By comparing the experimental results of two doses of chitosan oligosaccharides, it was found that both doses of chitosan oligosaccharides slowed down DSS induced weight loss, colon shortening, and inhibited disease activity index, as well as increased MPO activity. They significantly improved histopathological changes and increased tissue TNF – α and IL-6 levels. Among them, the low-dose group and high-dose group had better effects in alleviating colon length and histopathological changes. This indicates that the low-dose group of COS has a better effect in alleviating colitis symptoms. Yousef et al. treated colitis mice with COS at doses of 1, 5, 10, 20, 50, and 100 mg/kg and found that 10 and 20 mg/kg COS had the best effect. Similar bell shaped relationships between COS dose and effect were also observed in T84 cells induced by LPS and TNF – α, suggesting that COS may stimulate two different signaling pathways, produce opposite effects, and cause functional antagonism. The relationship between dose effect was also found in previous studies in our laboratory. Ding applied COS at doses of 35, 70, 140, and 210 mg/kg to alcoholic fatty liver mice, and found that the 70 and 140 mg/kg groups had better protective effects. The 70 and 140 mg/kg COS selected in this article may be located in the middle and back of the bell shape, and the experimental results show that the low-dose group has slightly better effects than the high-dose group.

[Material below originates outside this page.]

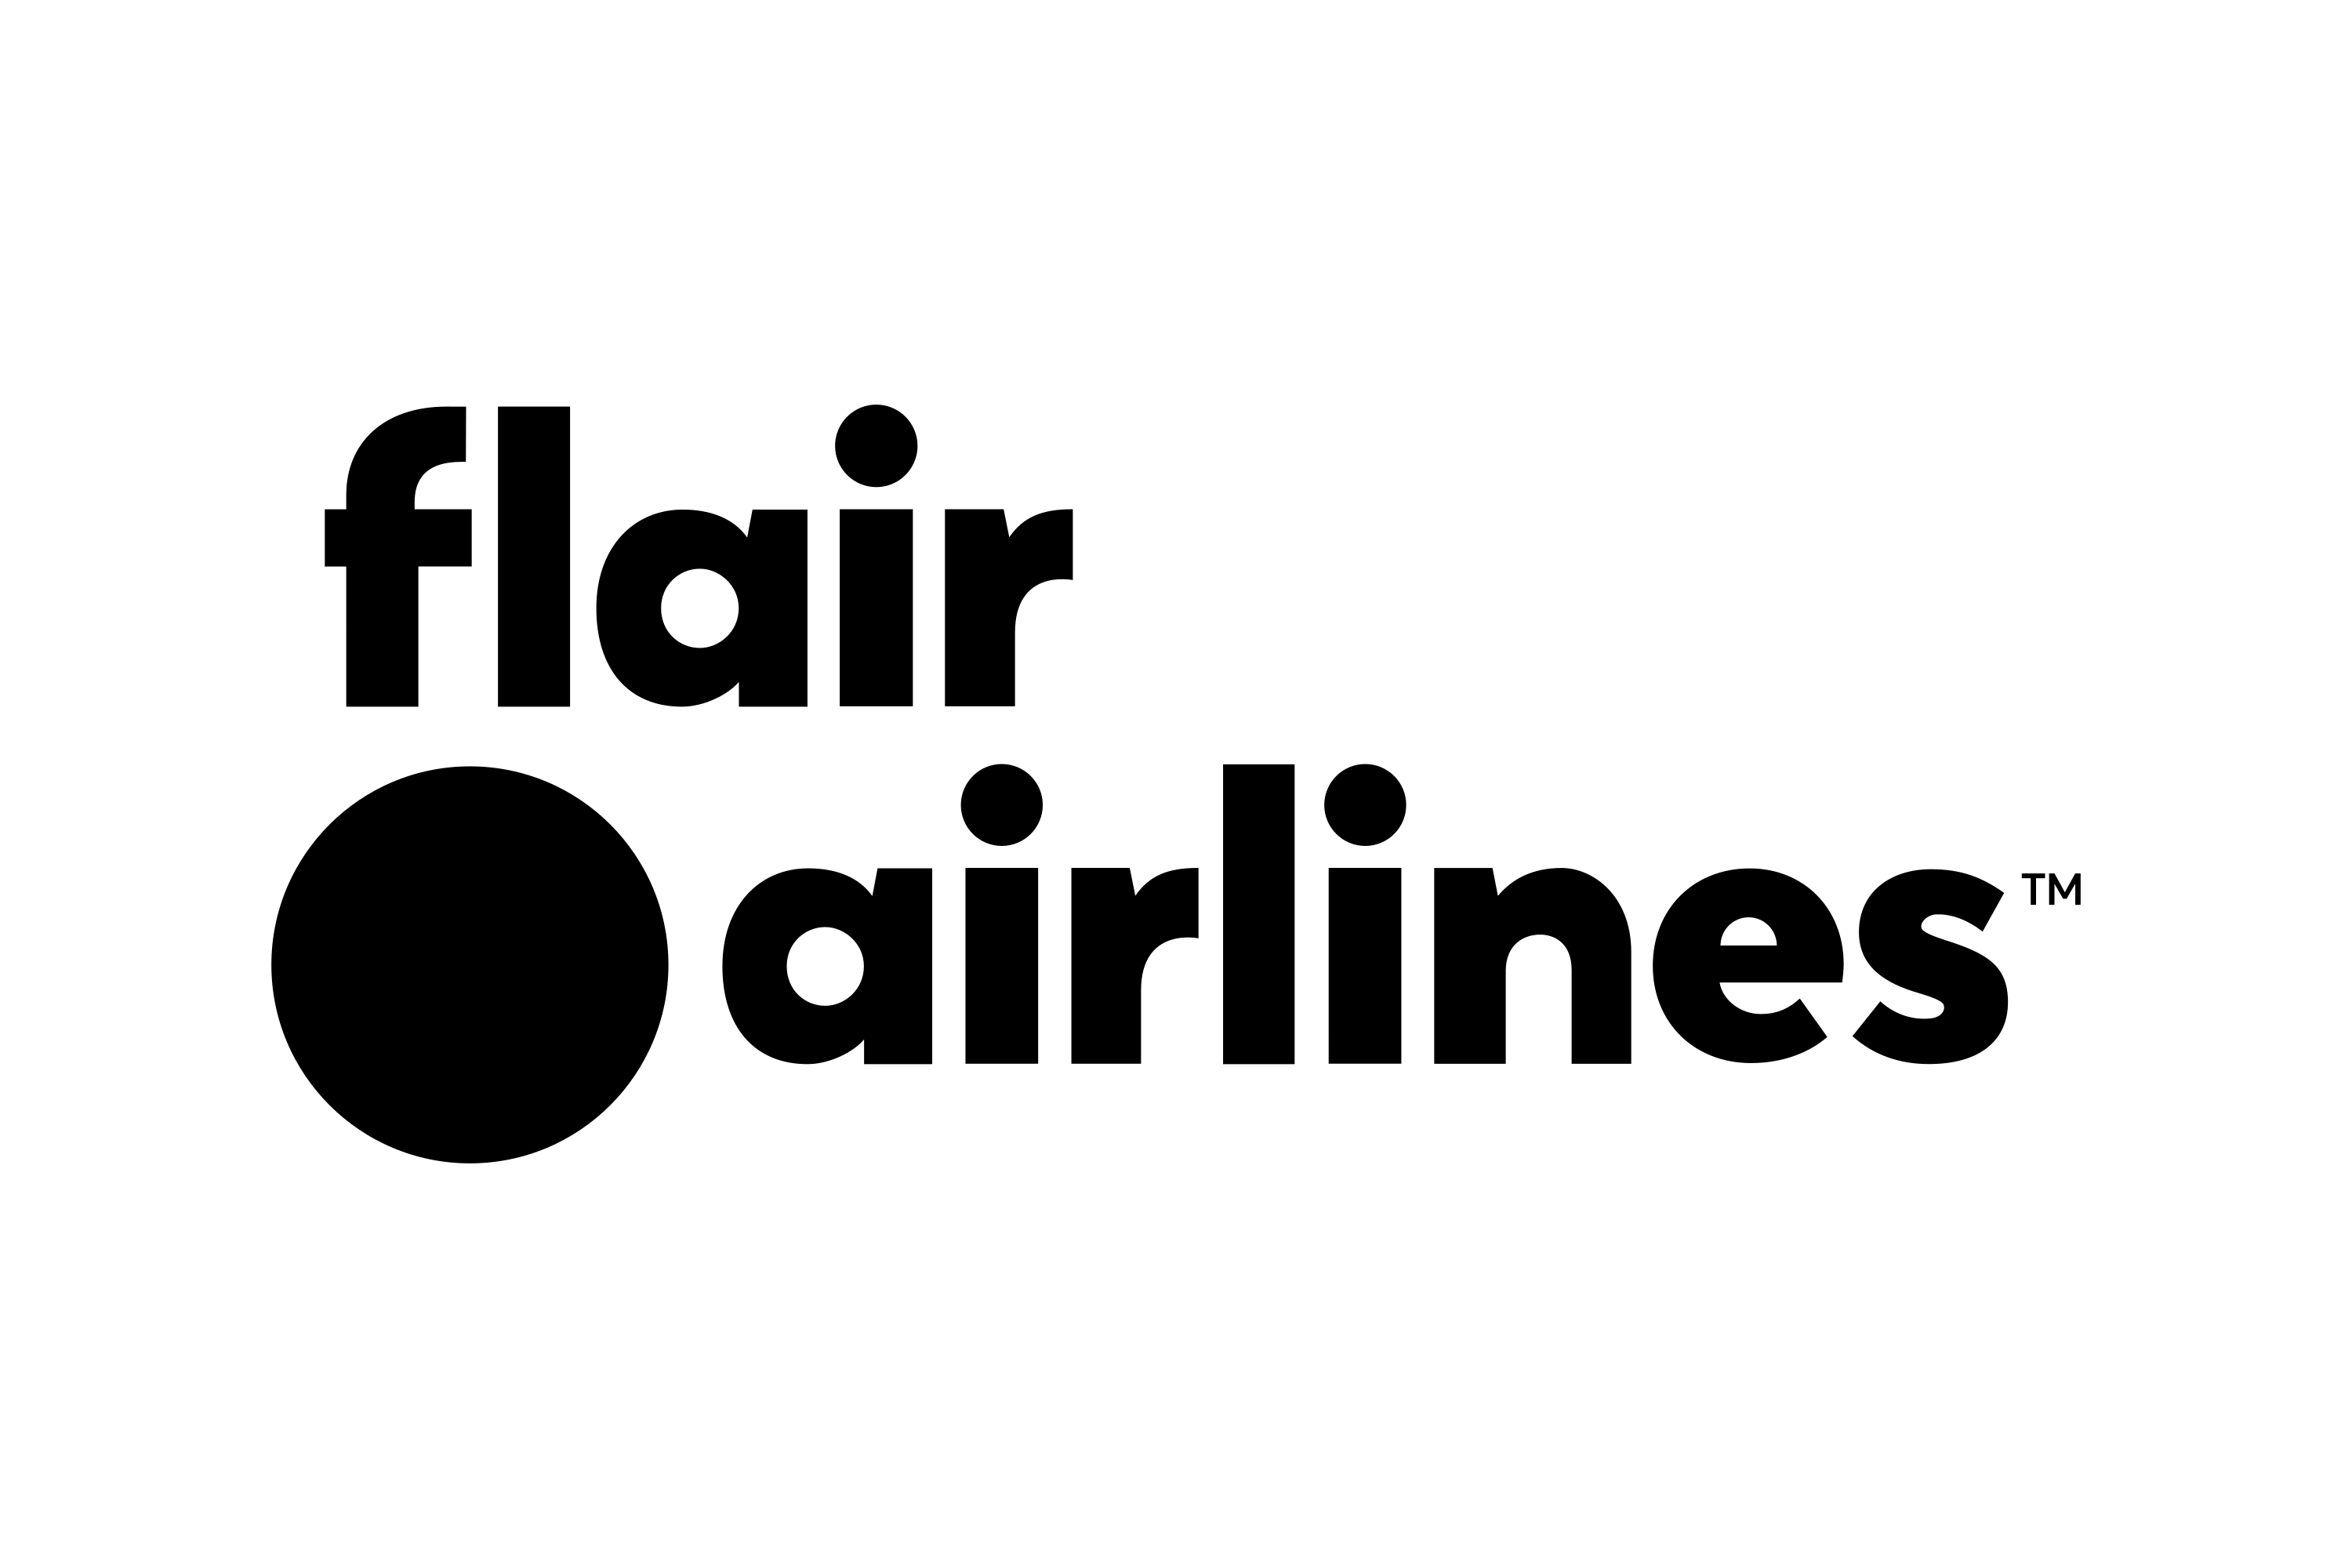 Download Flair Airlines Logo in SVG Vector or PNG File Format - Logo.wine

In summary, chitosan oligosaccharides can effectively alleviate DSS induced colitis symptoms. Among them, 70 mg/kg chitosan oligosaccharides are more effective in relieving colon length and histopathological changes compared to 140 mg/kg, and are more suitable as the recommended dosage for human use. Meanwhile, chitosan oligosaccharides may play a role in reducing inflammation and alleviating IBD symptoms by alleviating neutrophil infiltration and inhibiting the release of pro-inflammatory cytokines. However, the specific mechanism of action of chitooligosaccharides in inhibiting the release of inflammatory cytokines still needs further verification.